I will now close my narrative, so far as it relates to my own business concerns, with a single remark, that although I have been unfortunate at the close of my business, yet I flatter myself that all will admit that I have done nothing to retard the growth and prosperity of the village of Bath, or of the inhabitants of Steuben country generally, especially at a time when there were no facilities for the farmer of the county to transport their produce to market other than that which was afforded them by my exertions. An whether the people of Steuben or myself have received the most benefit I leave for them to determine.

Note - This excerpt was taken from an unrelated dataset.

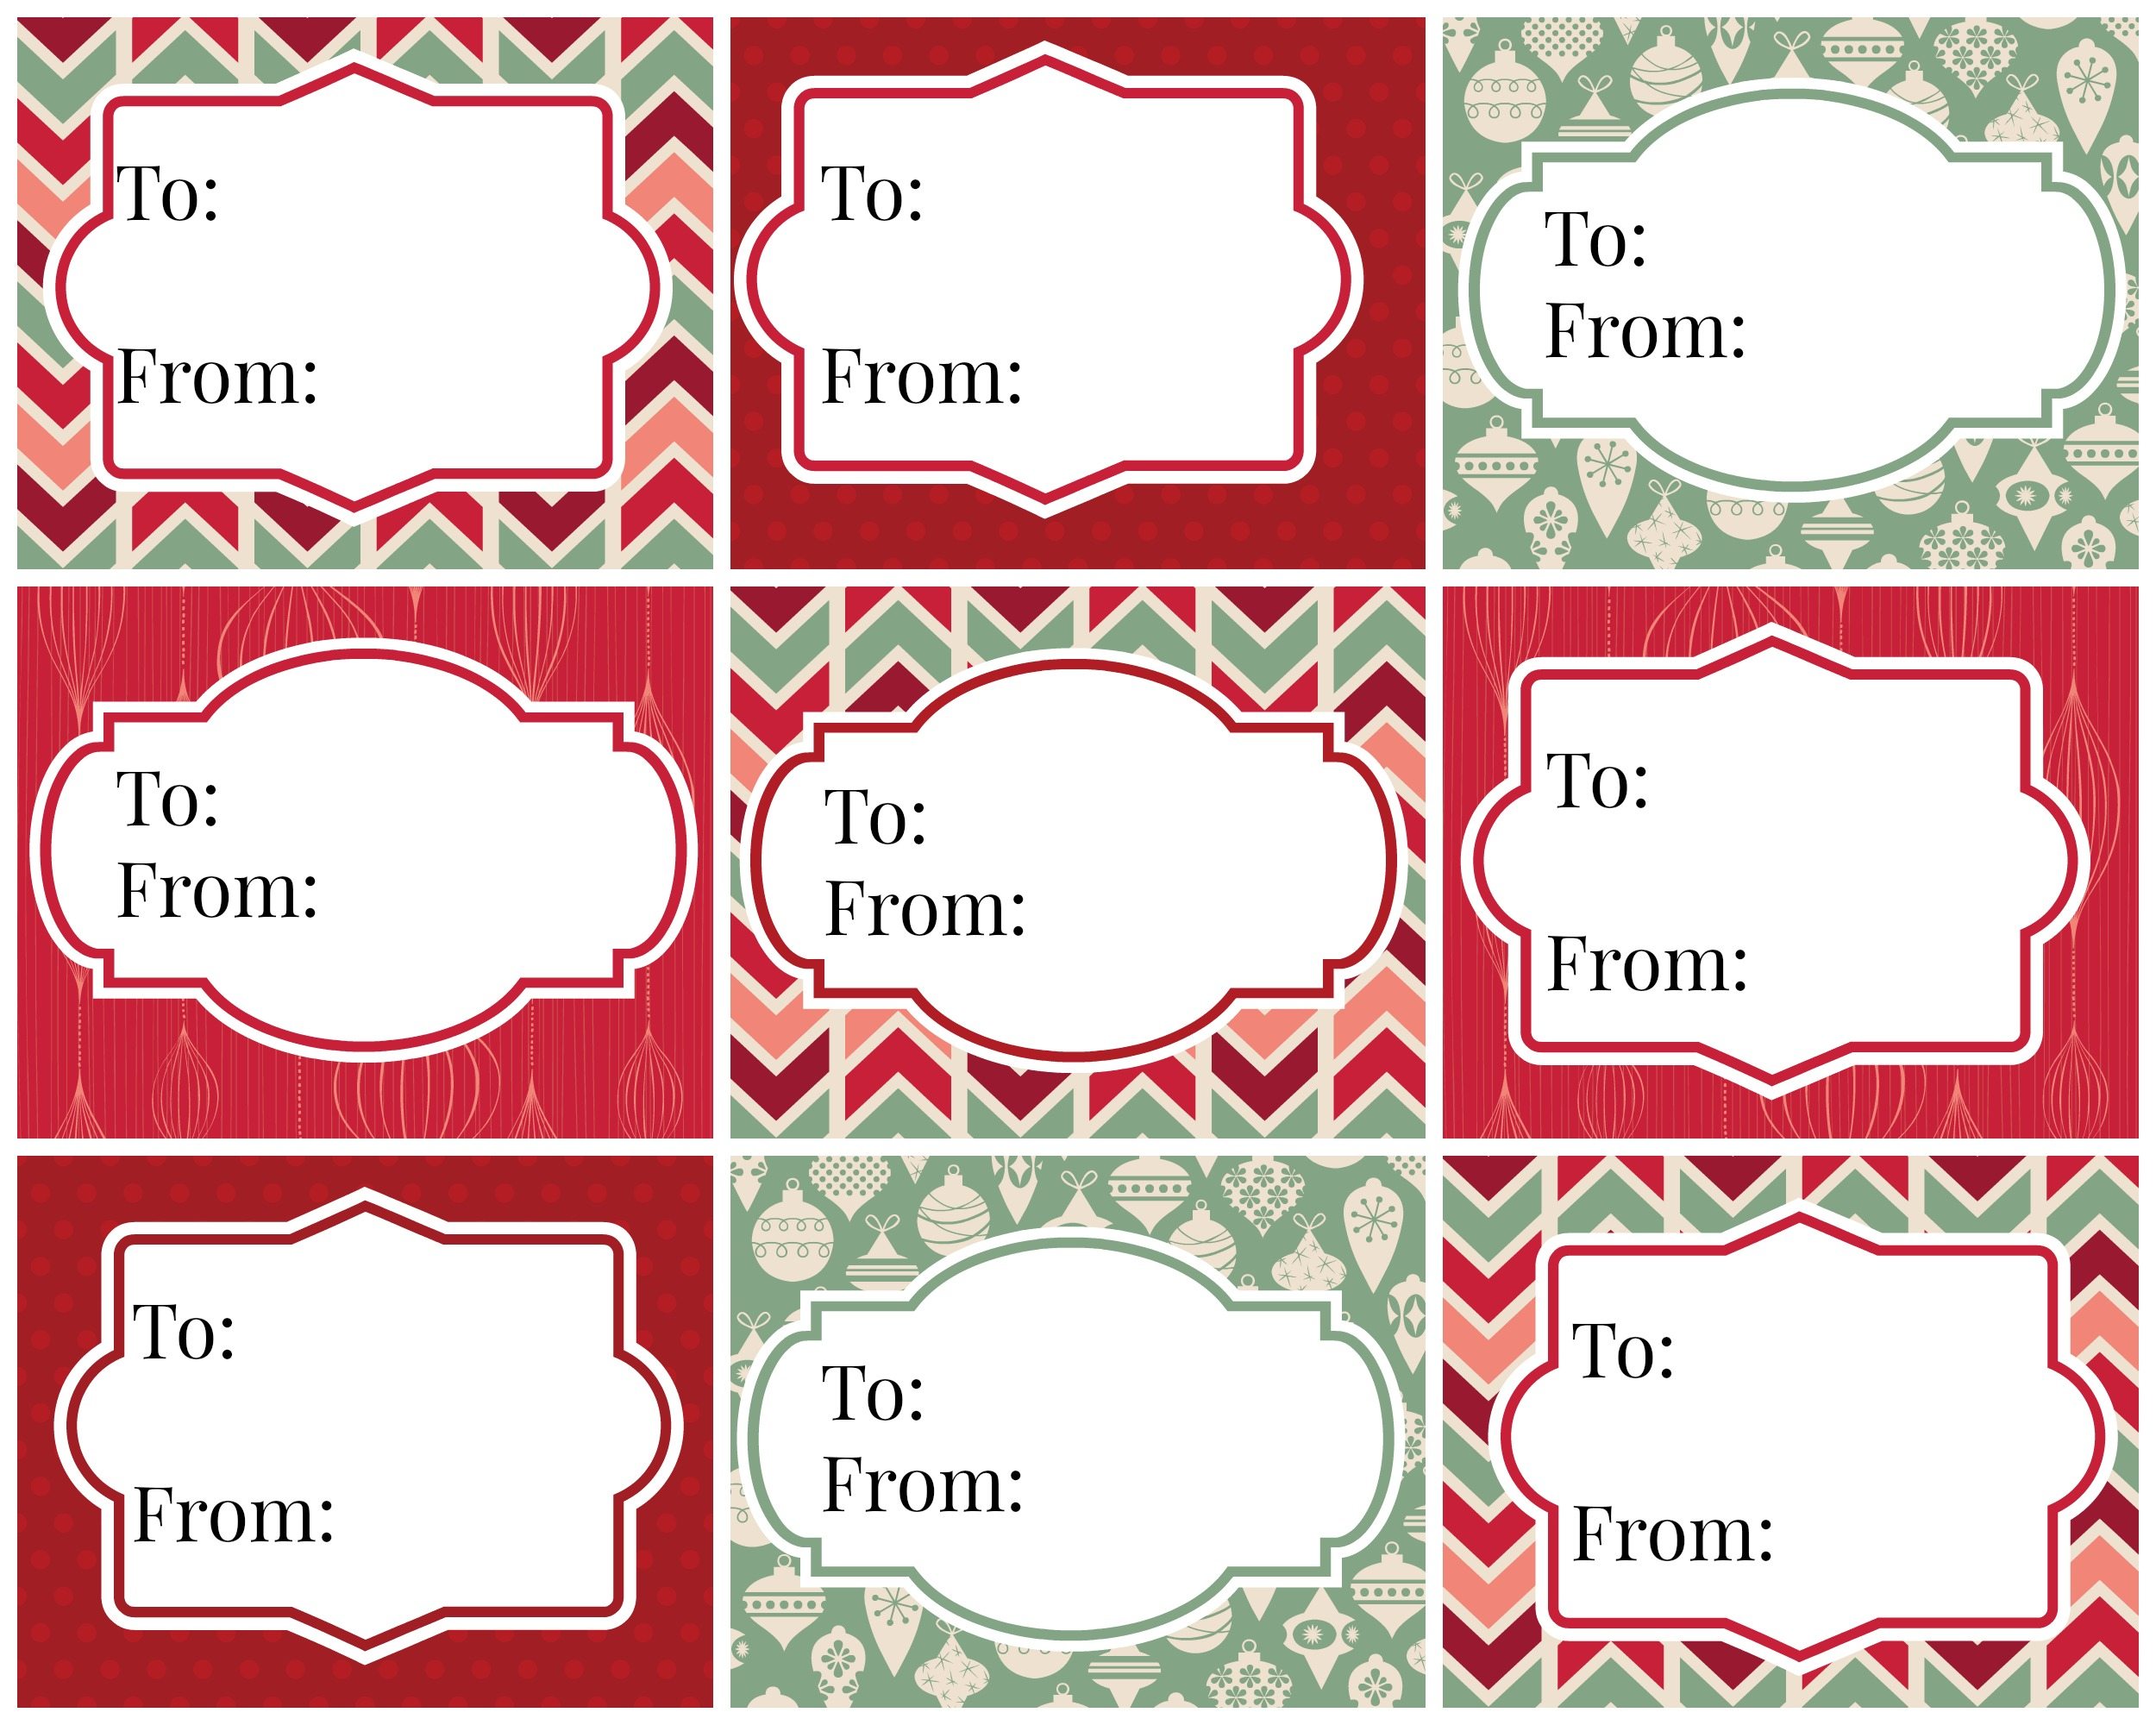 world-label-exclusive-christmas-gift-tag-printable-ch-free
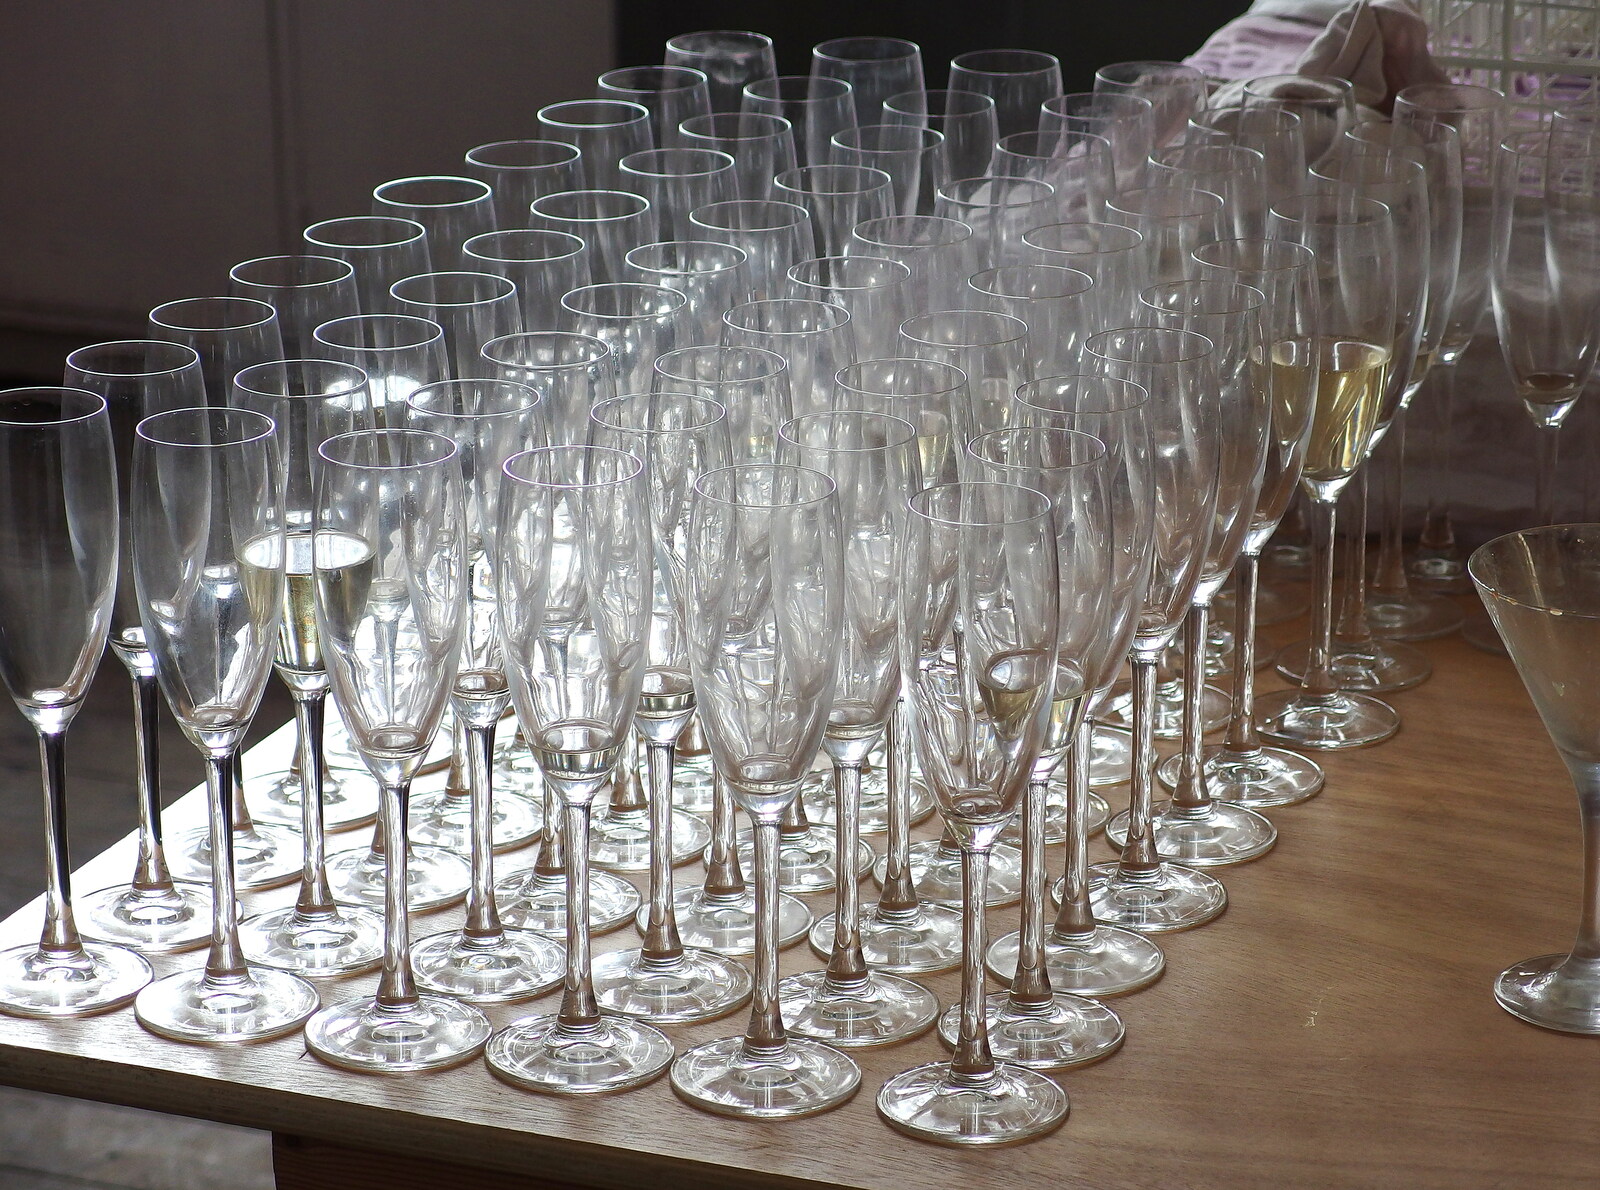 A stack of used champagne glasses from The BBs at Hengrave Hall, Hengrave, Suffolk - 18th August 2013

It would appear to be of very little consequence for me to state the number of civil offices that I held during my residence in Steuben county. It will only show how far I had the good will of the people. First, I was appointed Justice of the Peace; next, a Judge of the Court of Common Pleas, and Surrogate of the County. In 1816 I was appointed High Sheriff of the county, which office I held four years. I held the office of Post Master of the village of Bath, about eight years. The good people of Steuben also elected me three years to succession to present them in the Legislature of the State of New York.--For all these favors I felt then, and ever shall feel grateful.

This brief narrative is nothing more than a mere synopsis of some of the principal events of my life during the last sixty years. I find that all labor, whether of the hand or head, have become burdensome, which will be sufficient apology for its insufficiencies.